Jake Bean’s first pro season was a special one, featuring a historic stat line, leaguewide honors, an NHL recall and a Calder Cup championship. And, as it turns out, it was only the beginning.

Year two has seen Bean elevate his game even further, and people are taking notice.

“He’s playing the best hockey of his career right now,” said head coach Ryan Warsofsky. “He sees the ice so well. He’s playing at a high level and he’s done a great job.”

The 13th overall pick in 2016, it would be easy enough for a player of Bean’s caliber to coast by on his heightened skill set. But that hasn’t been his style.

“He’s a guy who works really, really hard when no one is watching,” said Warsofsky. “On days off he’s coming in and working. He’s one of the first guys on the ice and one of the last guys off. He works extremely hard at his craft and it goes to show right now.”

When it came to his abbreviated offseason, Bean zeroed in on the organization’s feedback and shored up his game, resulting in a new-and-improved arsenal from the blueliner in year two.

“The one thing they wanted to see was me getting another half-step quicker,” said Bean. “So I feel like I’ve gotten faster. And then a lot of it is figuring out what I can do in the game. Getting more comfortable and playing more, you learn where you can jump more and where you can do a little more than you thought you could. That’s what I’m trying to do right now.”
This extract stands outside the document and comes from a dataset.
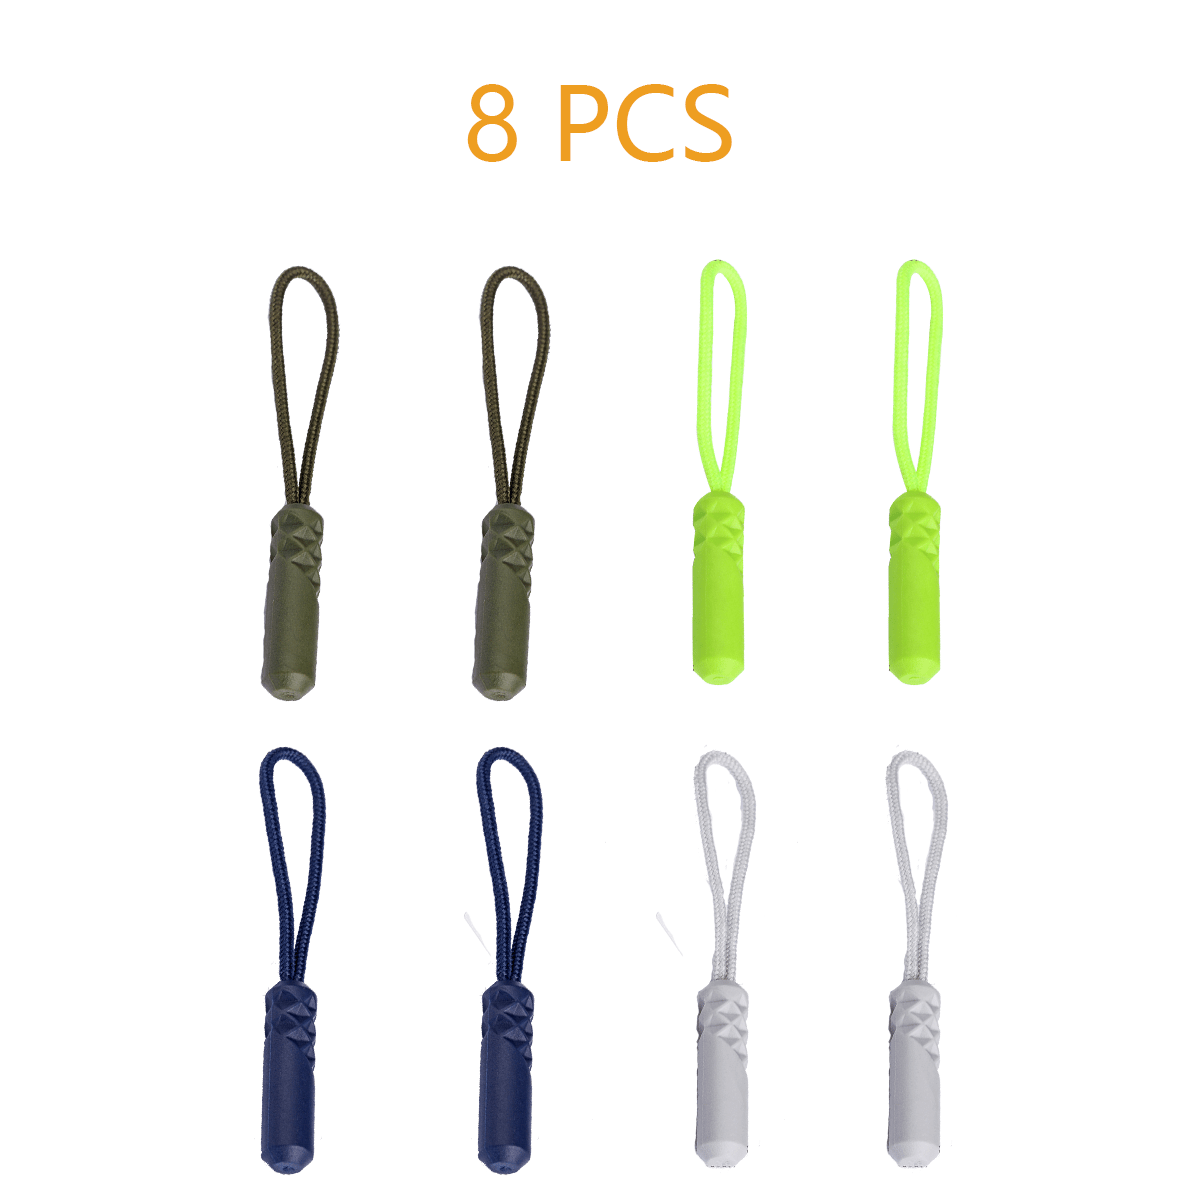 50 PCS Zipper Pulls, Replacement Nylon Cord Zipper Extension Pulls

Bean has established himself as one of the league’s premier defensemen this season, earning an invitation to the All-Star Game and garnering award attention.
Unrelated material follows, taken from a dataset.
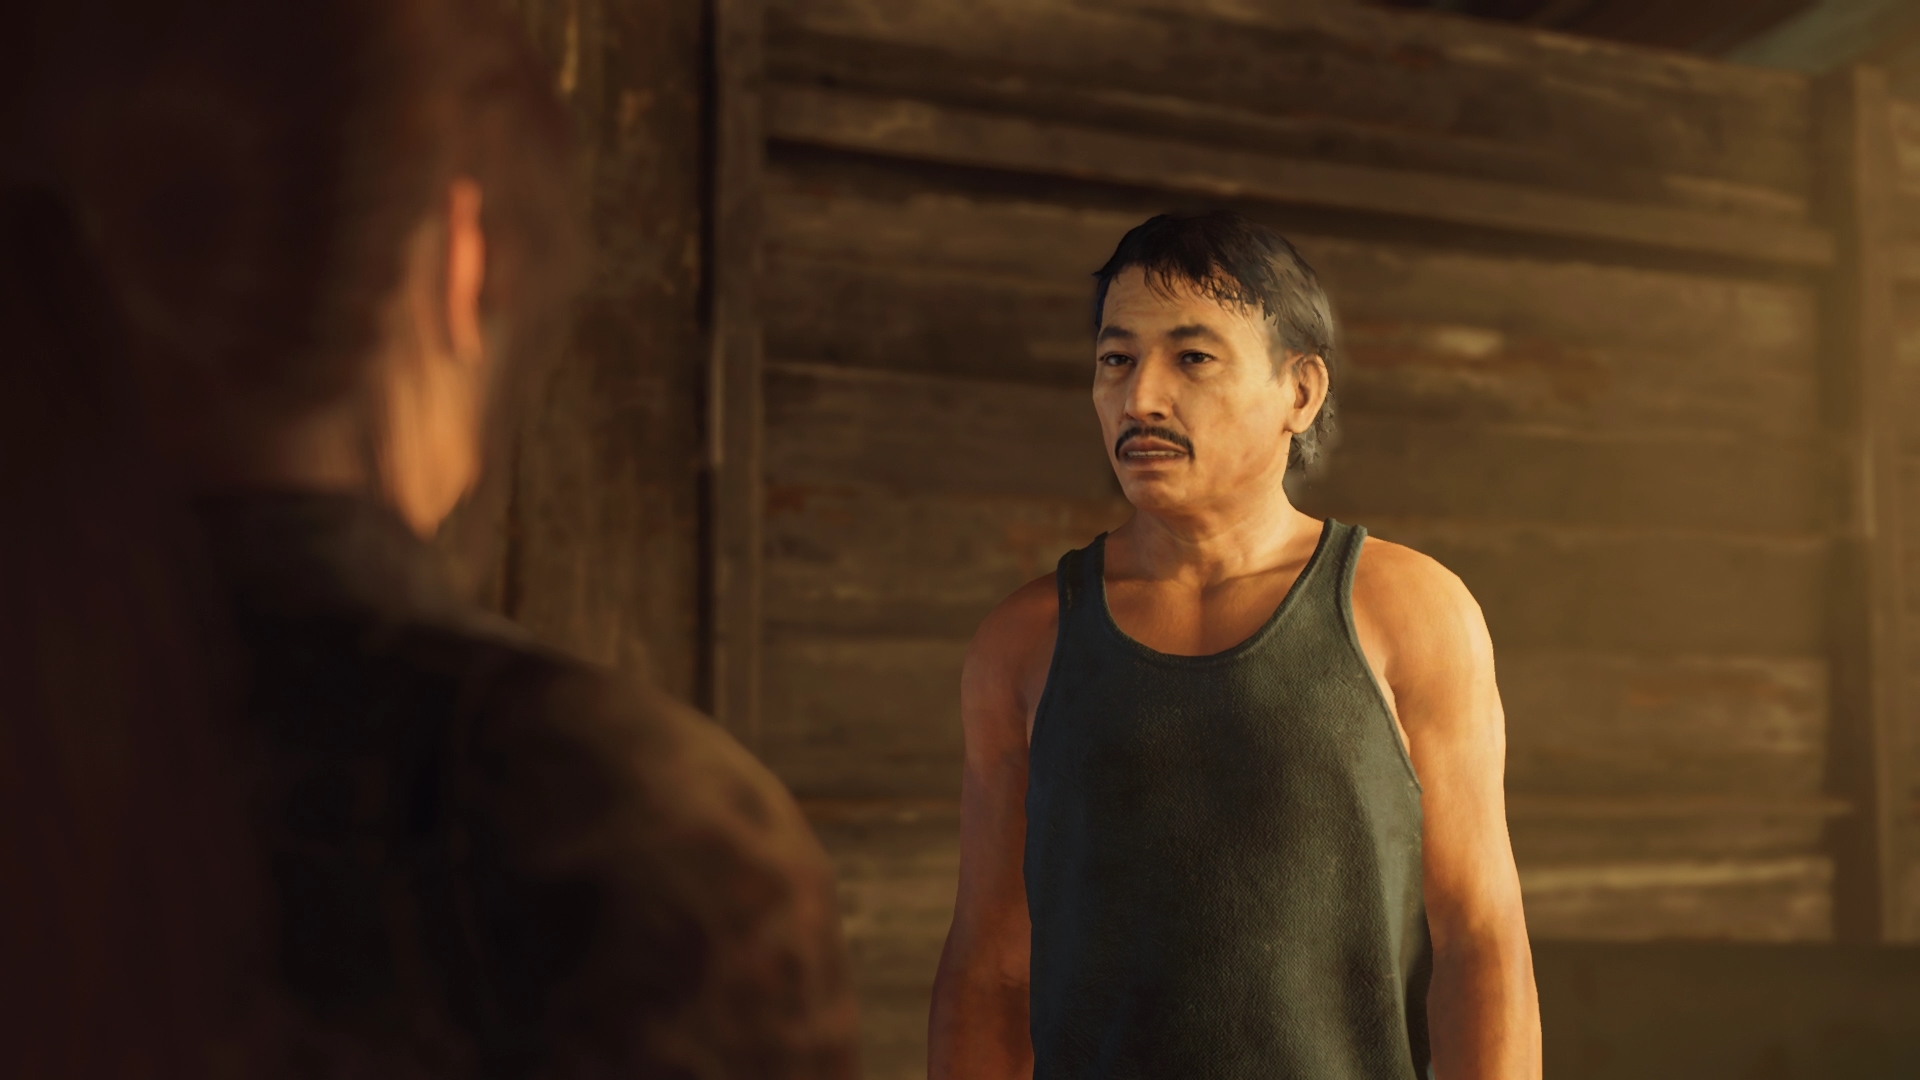 Прохождение всех побочных заданий в Shadow of the Tomb Raider

And as his play rises, Bean’s sights remain set on making the jump to the NHL.

“I’m really confident in my game and that I can play at any level,” he said. “I don’t feel like I have a good game and then come off and think, ‘Oh, I don’t know if I can do that again.’ It’s manageable and I can take that to the next level.”

The offensive-charged style that Bean employs has made him a weapon in the AHL, and the confidence in his game could be his biggest asset as he prepares for the NHL.

“It’s super important,” said Warsofsky. “Especially in the salary cap era where you need young guys to come up and play. It’s going to be important when he goes up to get Rod [Brind’amour] and the coaching staff’s trust because at the end of the day coaches put the players on the ice that they trust the most in critical situations. He’s going to need to go up there and play toward his strengths, not his weaknesses. He understands that.”

With the unfortunate injury to Dougie Hamilton, an opportunity has arisen on the Carolina blue line. As the next man up mentality shifts the focus down to the defensive prospects, Bean’s approach remains the same.

“I don’t think anything really changes, I just want to keep playing consistently,” said Bean. “I try to play my best every single night and that’s not going to change. I think if they watch they can see that I’m consistently playing at my best level and have been for most of this year. If I keep doing that day in and day out good things will happen.”

As he continues to elevate his play on the ice, it’s clear that Bean’s trajectory is aimed at the next level.

“I think the world of the kid as a hockey player and as a person,” said Warsofsky. “He’s been wonderful to work with and we’re excited to keep working with him for as long as he’s here, because it’s only a matter of time before he gets his chance.”